If he's determined to do it the 'old fashioned way', then all he's doing is cheating on you.


----------



## Lostinlove77 (Jan 22, 2014)

ScarletBegonias said:


> I can't have anymore children.My husband went into marriage with me knowing this.It would be like a punch to the gut to have him suddenly say he must have a child.
> 
> In your situation a surrogate might be the best option. Your egg and his sperm though that way the baby is truly yours together. Some surrogate programs are designed for women who can't produce eggs.But I say if you can produce them,use them.
> 
> Sounds to me like he's trying to have sex with another woman under the guise of wanting a baby. If he wants a baby that badly,he can get it via surrogate and not do it by cheating on you.


Thanks for the feedback. When our relationship began he discussed having a big family. We didn't know I would have these problems. We have no more money for a surrogate. I feel stuck because any decision will end in one of us hurt. He says he is not thinking about that now, but it may happen and he wanted me to know. I feel I am waiting for the other shoe to drop. Can anyone else help me?


----------



## ScarletBegonias (Jun 26, 2012)

Lostinlove77 said:


> Thanks for the feedback. When our relationship began he discussed having a big family. We didn't know I would have these problems. We have no more money for a surrogate. I feel stuck because any decision will end in one of us hurt. He says he is not thinking about that now, but it may happen and he wanted me to know. I feel I am waiting for the other shoe to drop. Can anyone else help me?


Ya know what honey, marriage is about loving your partner even when things don't go exactly as fantasized about originally. What if the shoe was on the other foot? What if he was sterile?? Would you want to go bang a dude just to get knocked up? I bet you wouldn't.

If he isn't in this for better or worse,why is he even married in the first place? Not everyone was meant to have children. Not being able to have a baby is tough on a woman mentally...he doesn't even know the half of how insensitive he is being by putting this kind of stress on you.


----------



## alte Dame (Aug 7, 2012)

You ARE waiting for the other shoe to drop.

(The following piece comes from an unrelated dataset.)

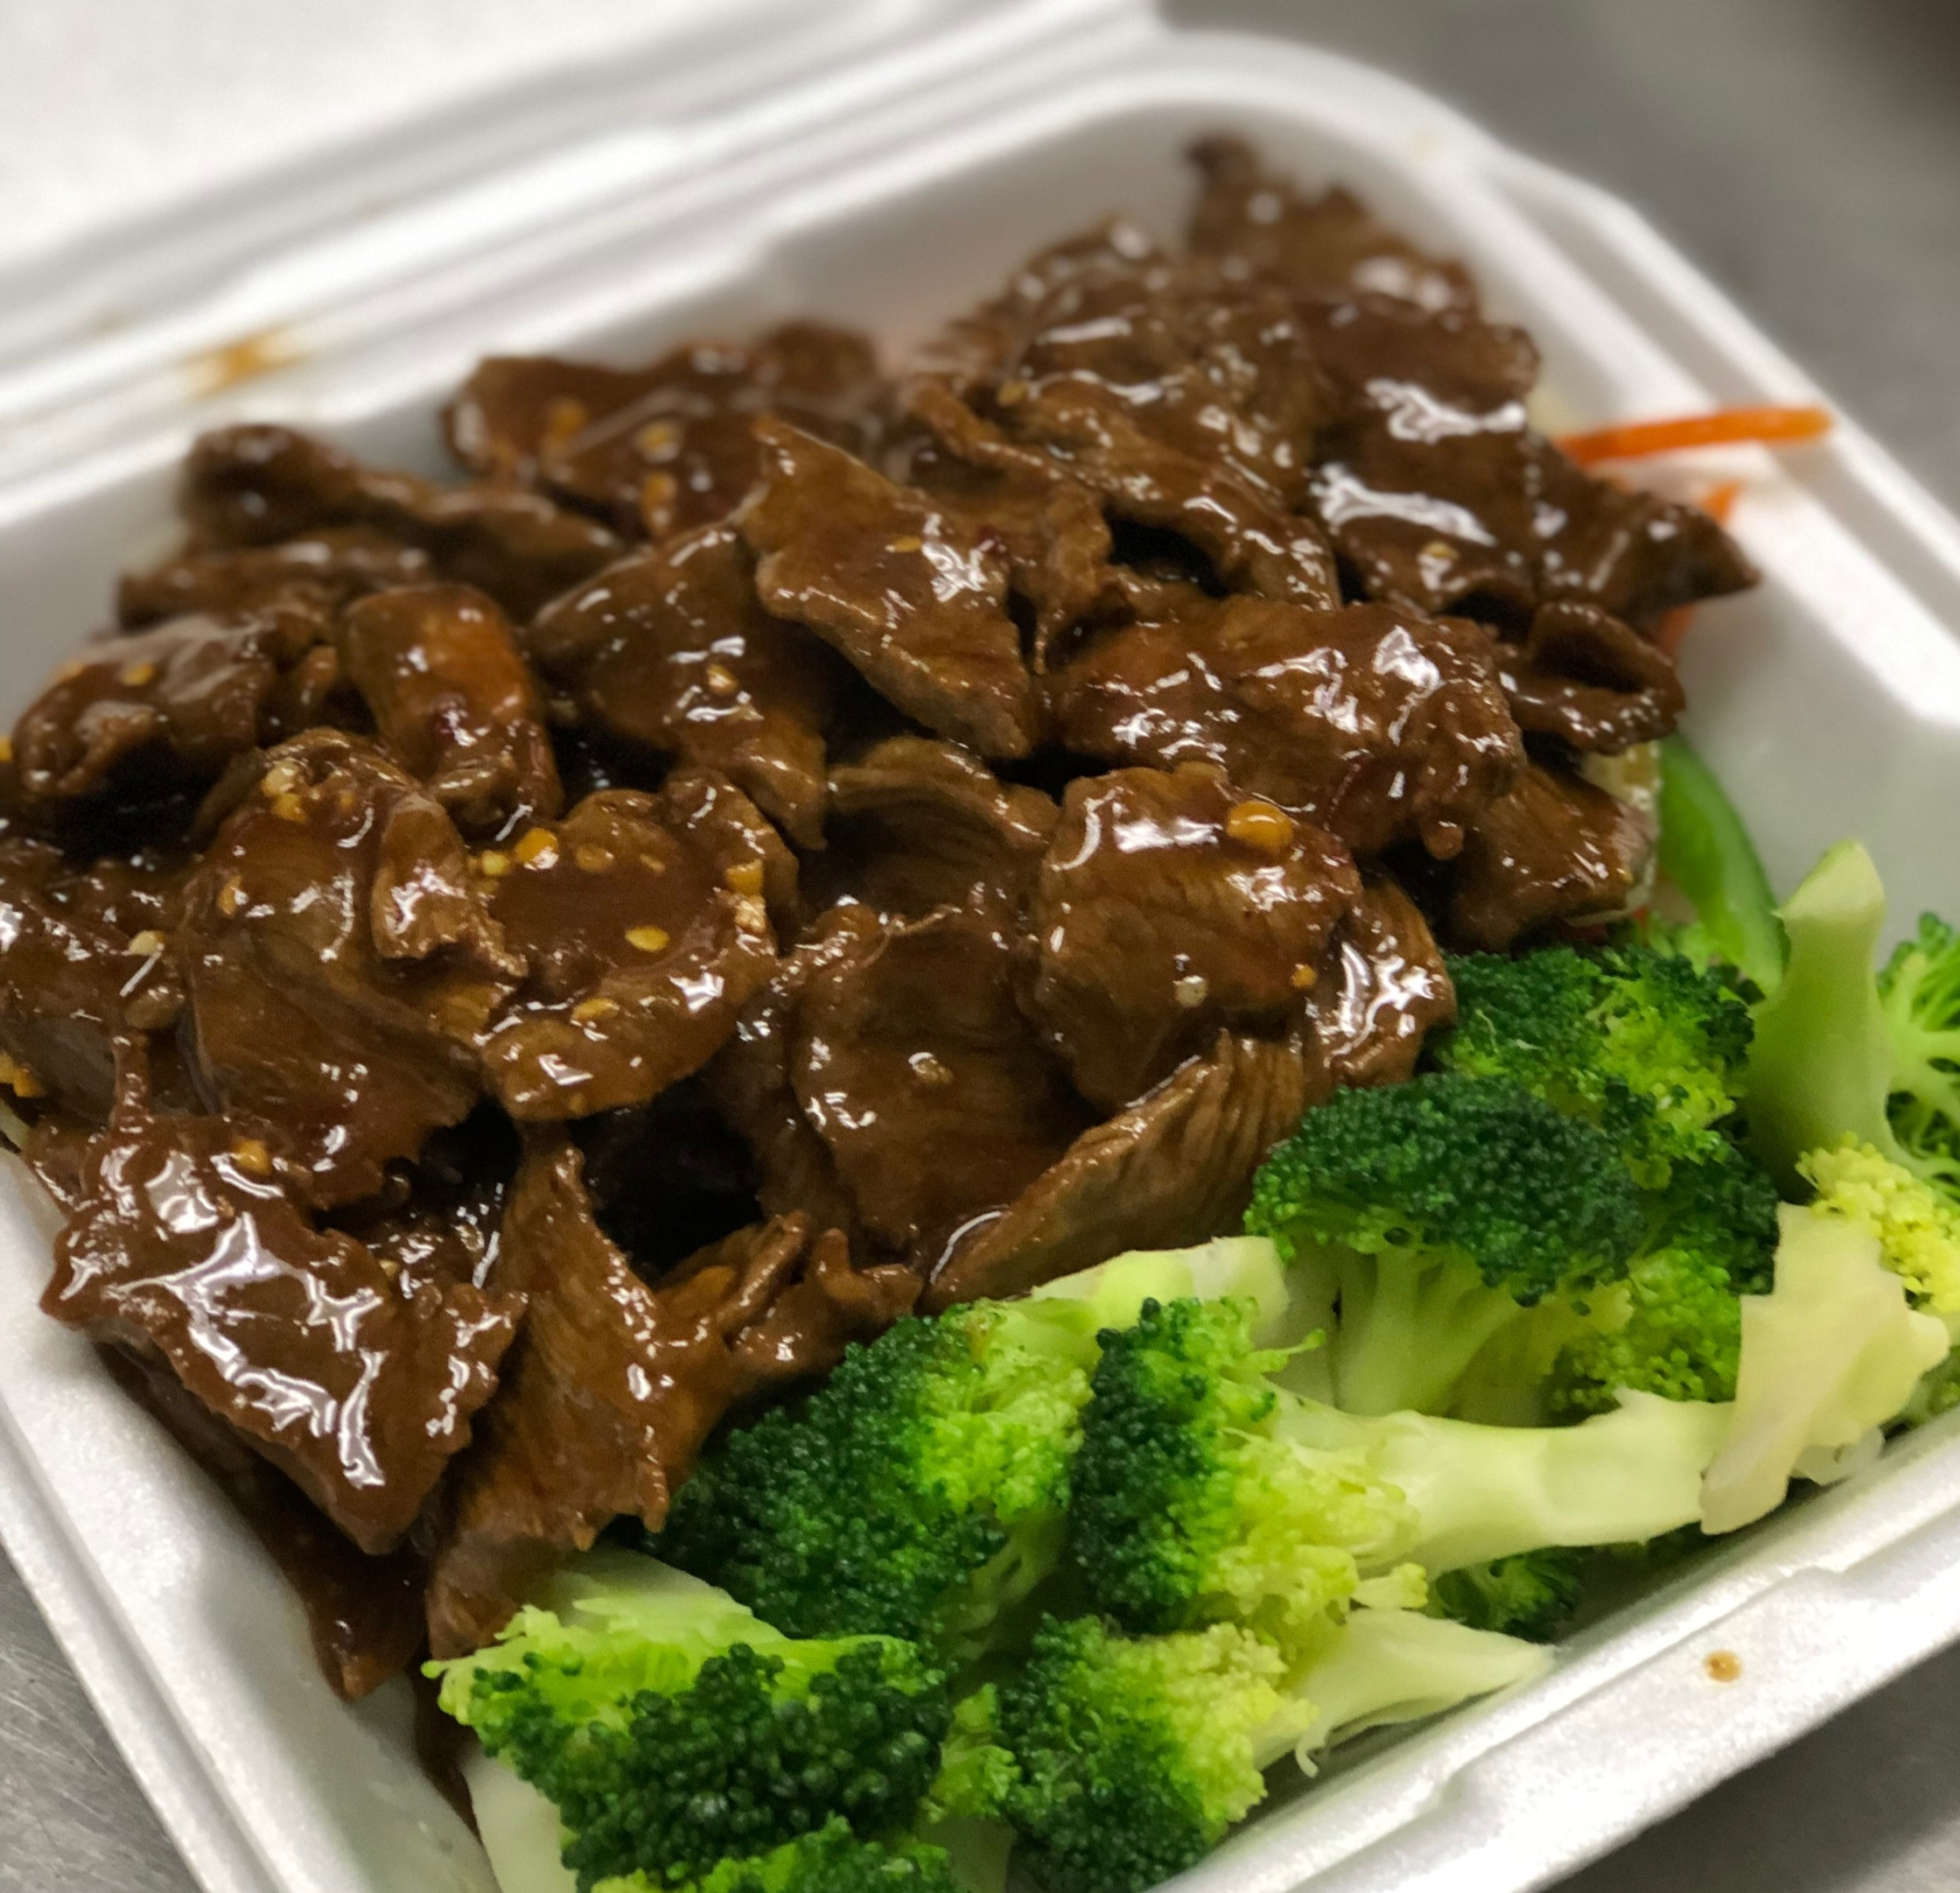 Chinese Kitchen Coventry >> Best Chinese Food Port Richey Florida | Li's Chinese Kitchen

This is a turning point in your marriage. If he continues to press this, you will be guaranteed a relationship filled with heartbreak. I don't think his ideas of marriage are compatible with yours (or mine).

Again, are you certain that he isn't in the process of 'stepping out'?


----------



## Microwavelove (Sep 11, 2013)

Lostinlove77 said:


> Thanks for the feedback. When our relationship began he discussed having a big family. We didn't know I would have these problems. We have no more money for a surrogate. I feel stuck because any decision will end in one of us hurt. He says he is not thinking about that now, but *it may happen and he wanted me to know.* I feel I am waiting for the other shoe to drop. Can anyone else help me?


"It may happen?" I don't completely understand what he is saying here. Is he telling you that he may venture outside the marriage to have a baby and is letting you know ahead of time?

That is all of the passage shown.